Did I work hard and put my time in? Yes. But that doesn’t make me unique, special, or more deserving than anyone else. It was a mix of privilege (having good choices to make), luck (good timing), and yes, hard work. But all parents work hard, whether their job is inside or outside the home and hard work is not always synonymous with being able to afford help. And most people work hard, doing everything they can just to get by. It isn’t fair. This is why I started fundraising to help families in treatment for cancer. Life is hard enough, and struggling financially while going through treatment is just too much.

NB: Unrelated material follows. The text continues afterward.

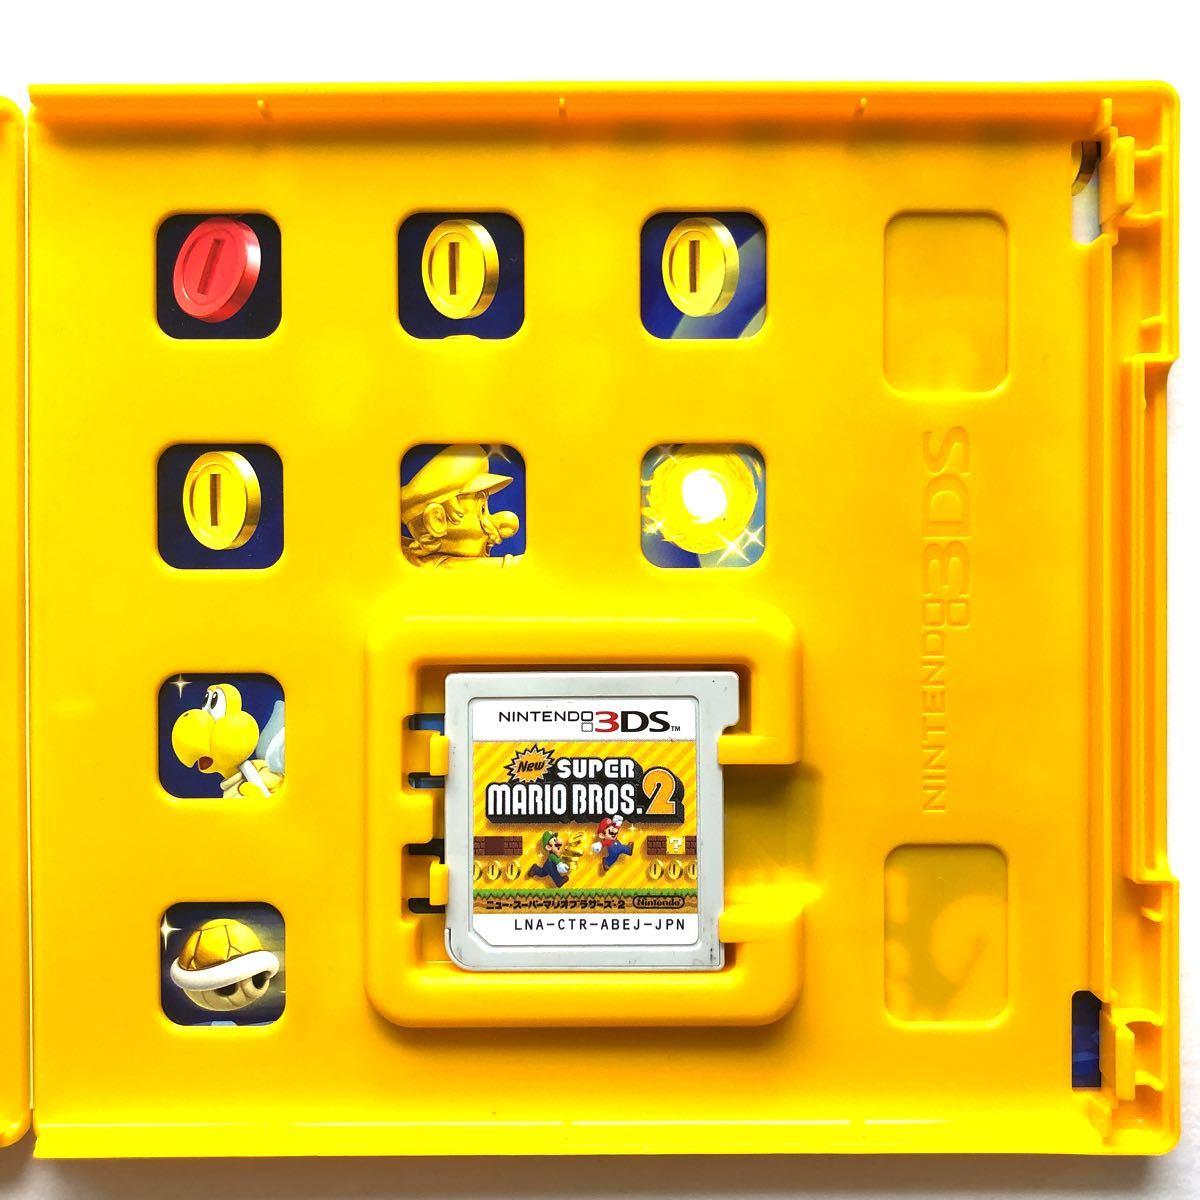 Newスーパーマリオブラザーズ2 3DSソフト

The expectation that we have to do it all is not ok. Judging or shaming others for doing things differently is not ok. Call it out when someone is unkind or offensive, but also evaluate why you’re following someone who hurt or offended you. But it is also not ok to come across as entitled or deserving. Let’s be considerate of others. That doesn’t mean apologizing, but sometimes, explaining the why and how might help someone else.
I realize I’m all over the place here, but given the year I’ve had, I have given a lot of thought into the meaning of all of this (deep, right?) and what I want my little corner of the internet (or instagram) to be. Ads feel so different than I used to and I’ve made mistakes taking on partnerships that were good enough – ones I could make work. Never again. It’s a hell yes, I love it, let’s do this, or no. Fundraising for childhood cancer and being able to connect with and help moms going through treatment feels big and meaningful. I’ve become close to a few moms who I talk to regularly, and I’ve been able to give them what my friend Stacy gave me when we were in the hardest part of treatment. Hope. Someone who understands. Relating to other women, talking about what matters, and sharing the things I enjoy (design, my girls, organizing, etc) is fun, too. I enjoy it, and making some money via affiliate means a lot because as much as I love blogging, I do need to make something, you know? But it’s not just about that, and most content is unpaid.
If someone you follow doesn’t bring joy to your life, unfollow them. I unfollowed 1/3 of the people I was following this week and am unfollowing more. I don’t want to spend my time mindlessly scrolling and don’t need a glimpse into the lives of 1500 people and brands. Our time is worth so much more than that. Let’s make the most of it.